There is an important lesson in this. In everyday language, everything in immediate experience falls into the general category of “subjective”, although at that level of inquiry the distinction between subjective and objective is meaningless. In modern thinking the term “subjective” has connotations of “only in your opinion” and therefore “not necessarily true”. In light of the above, it should be clear that to crudely equate “objective” with real and “subjective” with not-really-real is downright clumsy. The fact that we experience things as individuals is the most concrete reality that we have, and (to quote Tommy Lee Jones) the fact that it’s “subjective” means, precisely, dick.

Immediate experience has another essential quality: it is insurmountably individual. No matter how mentally close we get, no matter how sharp our empathy, my immediate experience is not itself a part of your immediate experience, nor is yours a part of mine. The two are mutually isolated, separated by a fundamental epistemological chasm. This is the reason philosophers observe, (as I had figured out by the time I hit adolescence), that when we look at the color blue we do not actually know that we are necessarily experiencing the same color. The fact that we mutually recognize the color blue merely shows that we both call a particular color blue when we come across it. It does not mean that the color I see in terms of how it appears to me is the same one that you do. It could possibly be the one that you call green.
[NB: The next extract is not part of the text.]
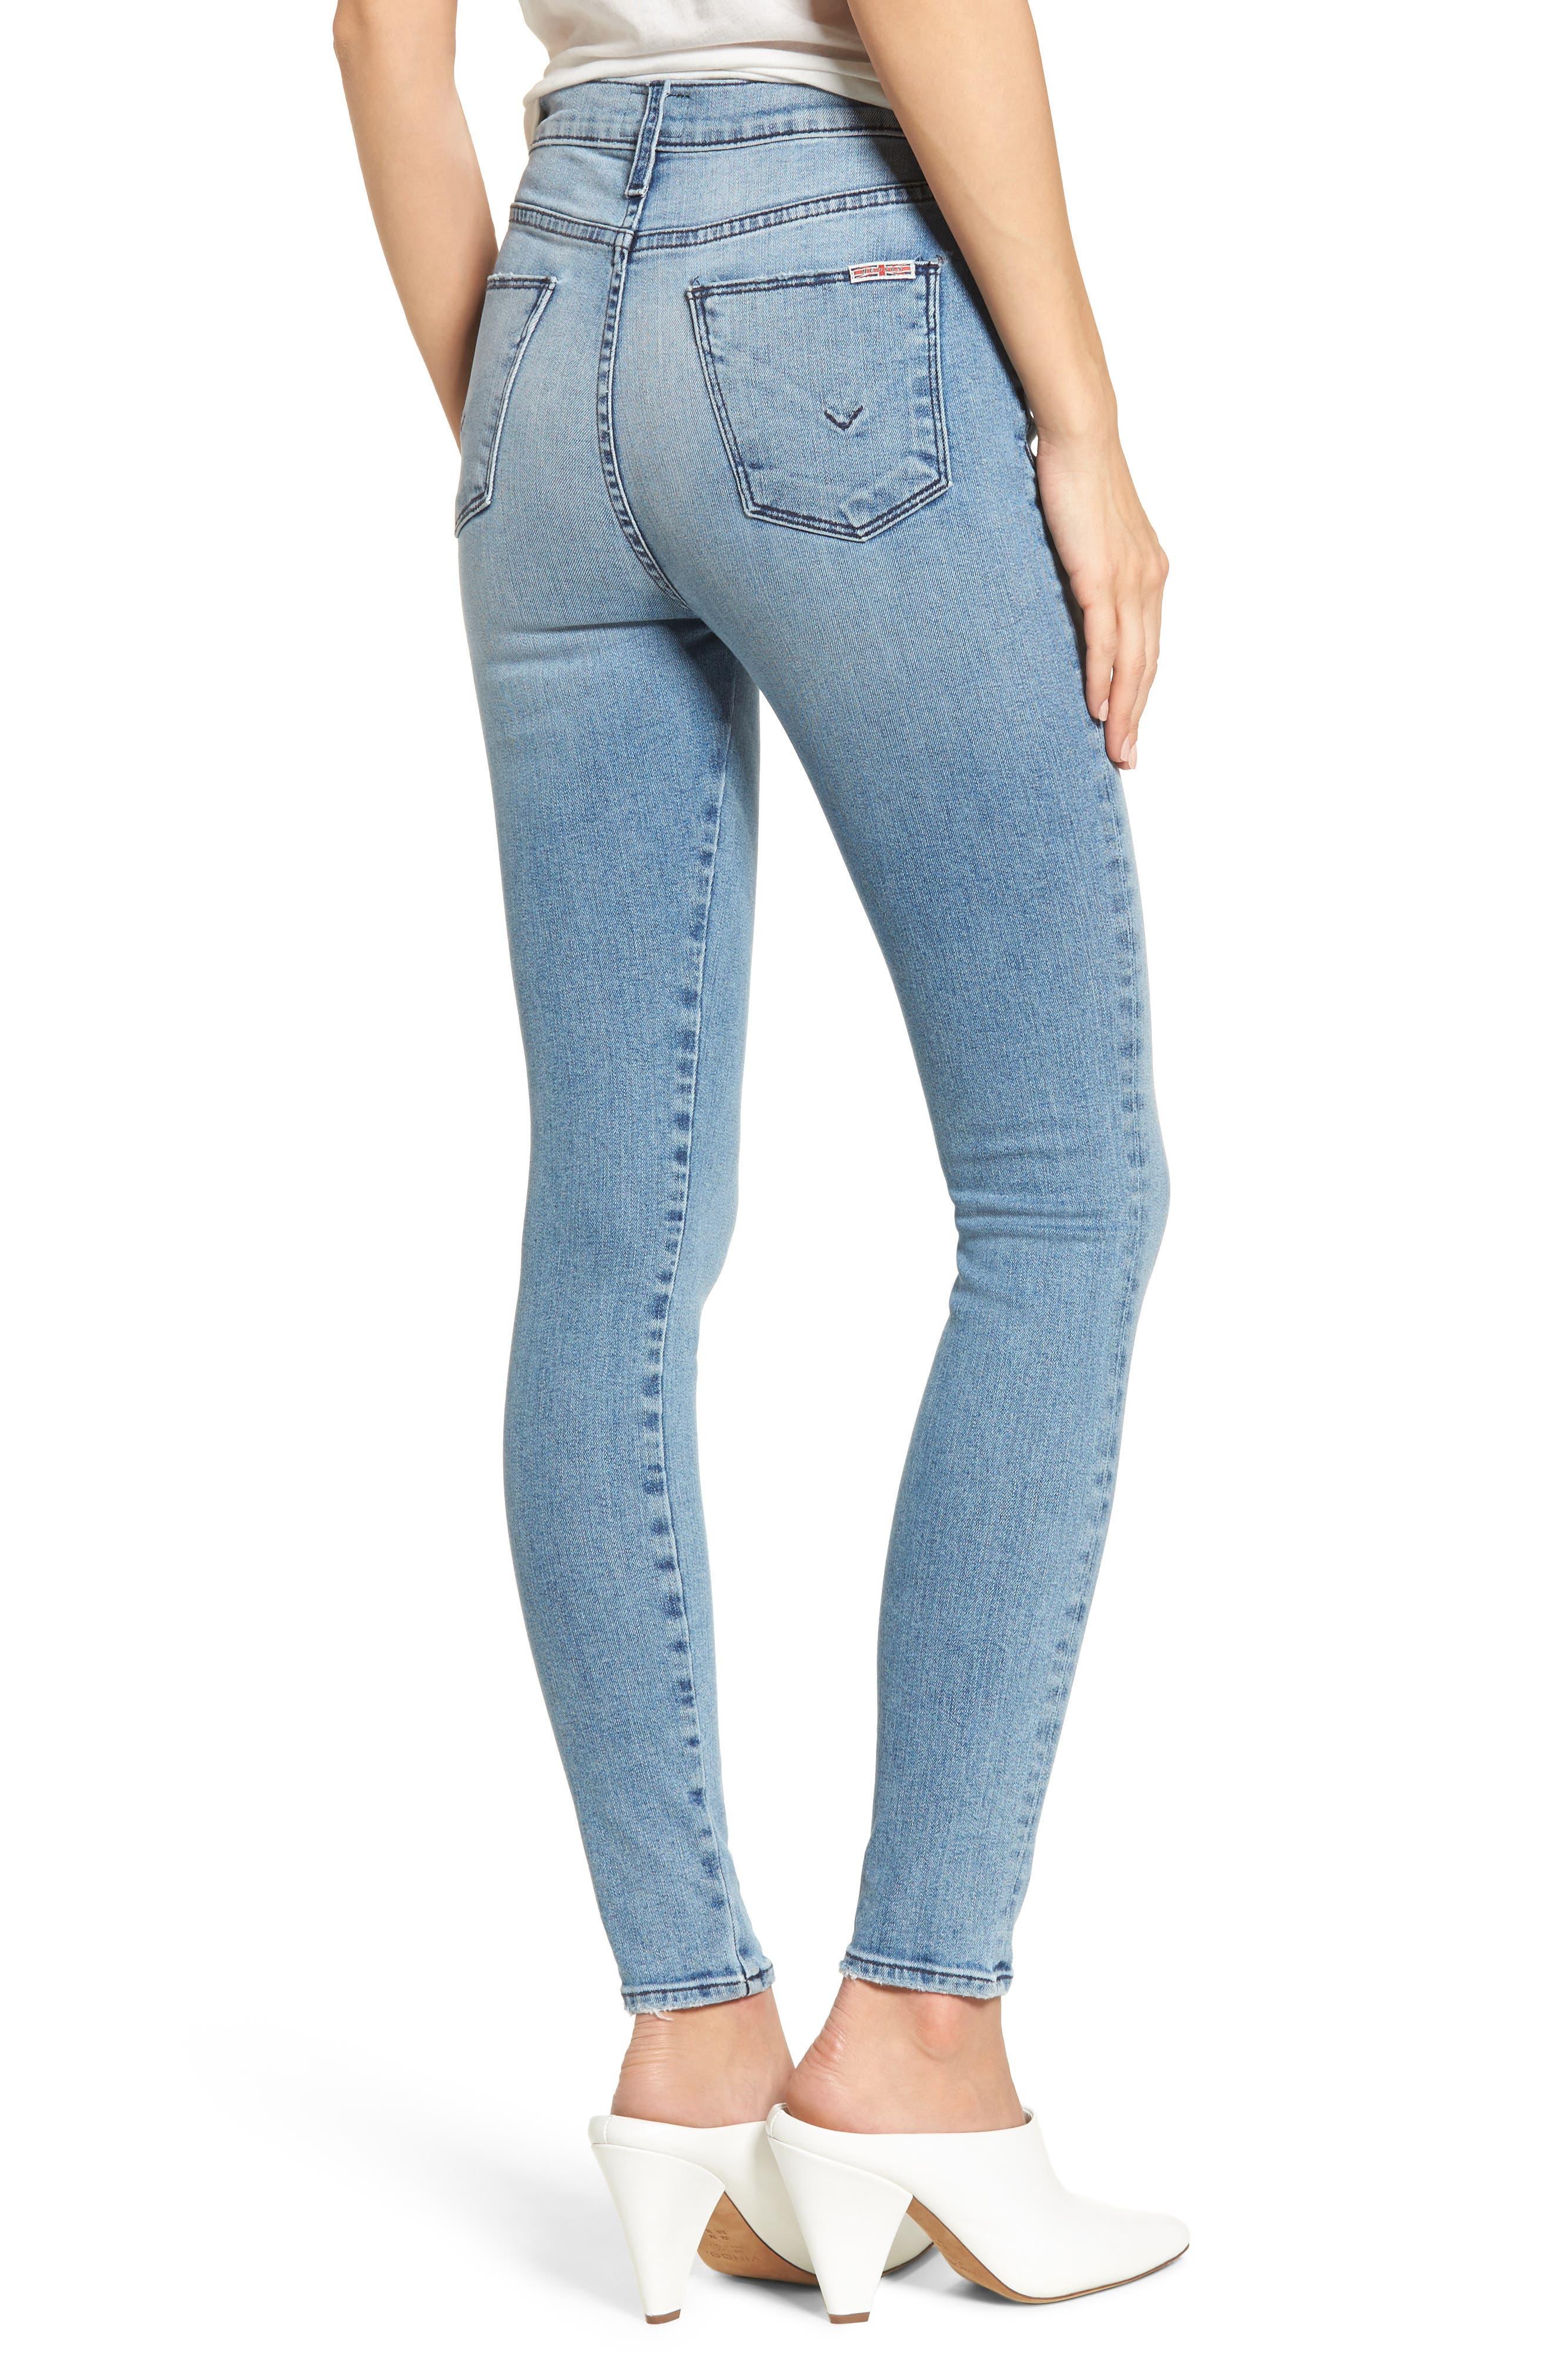 Bullocks Lace-Up High Waist Super Skinny Jeans,                             Alternate thumbnail 4, color,

This basic problem reaches much further. Not only do you not know what my immediate experience looks like, but for the same reason you don’t even really know whether it exists at all. That is, you don’t know for certain that I exist as an experiencing subject just like you. The fact that I know that is irrelevant. The situation is logically comparable with the possibility of a lie. As far as you are concerned, I may have lied about making a toilet stop several paragraphs ago. I am privileged with knowledge to the contrary, but in saying that, I could be lying! The same fundamental problem goes for my knowledge (and claim) of my own existence as an “I” like you. Incidentally, this is the problem that tends to get swept under the rug in sci-fi depictions of synthetic humans. How conscious and sentient a construct is designed to appear to outside observers has nothing whatsoever to do with whether they are capable of experience of the sort I am talking about. The point is this: as far as you are concerned, I and every other person you have met could possibly be a sort of robot, appearing truly capable of experience, but actually being no more capable of it than a jukebox.

This may sound scary, but it’s just a theoretical point and there’s no real need to feel threatened by it. However, one might be tempted to try and find a way around it. Suppose that you thought about the relationship between different human observers more carefully and somehow reached the conclusion that my individualist orientation in this context was false. This counter-argument would be premised on the phenomenon of multiple subjects (i.e. experiencing “I”s) and claim to undermine the basis of the epistemological pessimism above. It should be obvious why this argument cannot work. It takes as its premise the existence of other subjects when the only essential thing telling you that other subjects exist in the first place is your immediate experience! You can’t then turn around and say that their existence somehow negates the need for you to establish their existence as an individual. That would be fatal circular logic. Ergo, it is logically impossible to epistemologically de-individualize immediate experience on the basis of the existence of multiple subjects.

As I said, immediate experience is epistemologically primitive. In some ways, it is indeed disturbingly autistic. It might even make this article seem pessimistic. But we must remember that it is only our starting point. Beyond it lies the far richer and wonderful world of shared experience. The social realm may stand upon the shoulders of the individual realm, but it is also a higher level spiritually. It is necessary to make knowledge as sophisticated as modern medicine possible. But it is also necessary for humanity for individualism to break down at some point or other.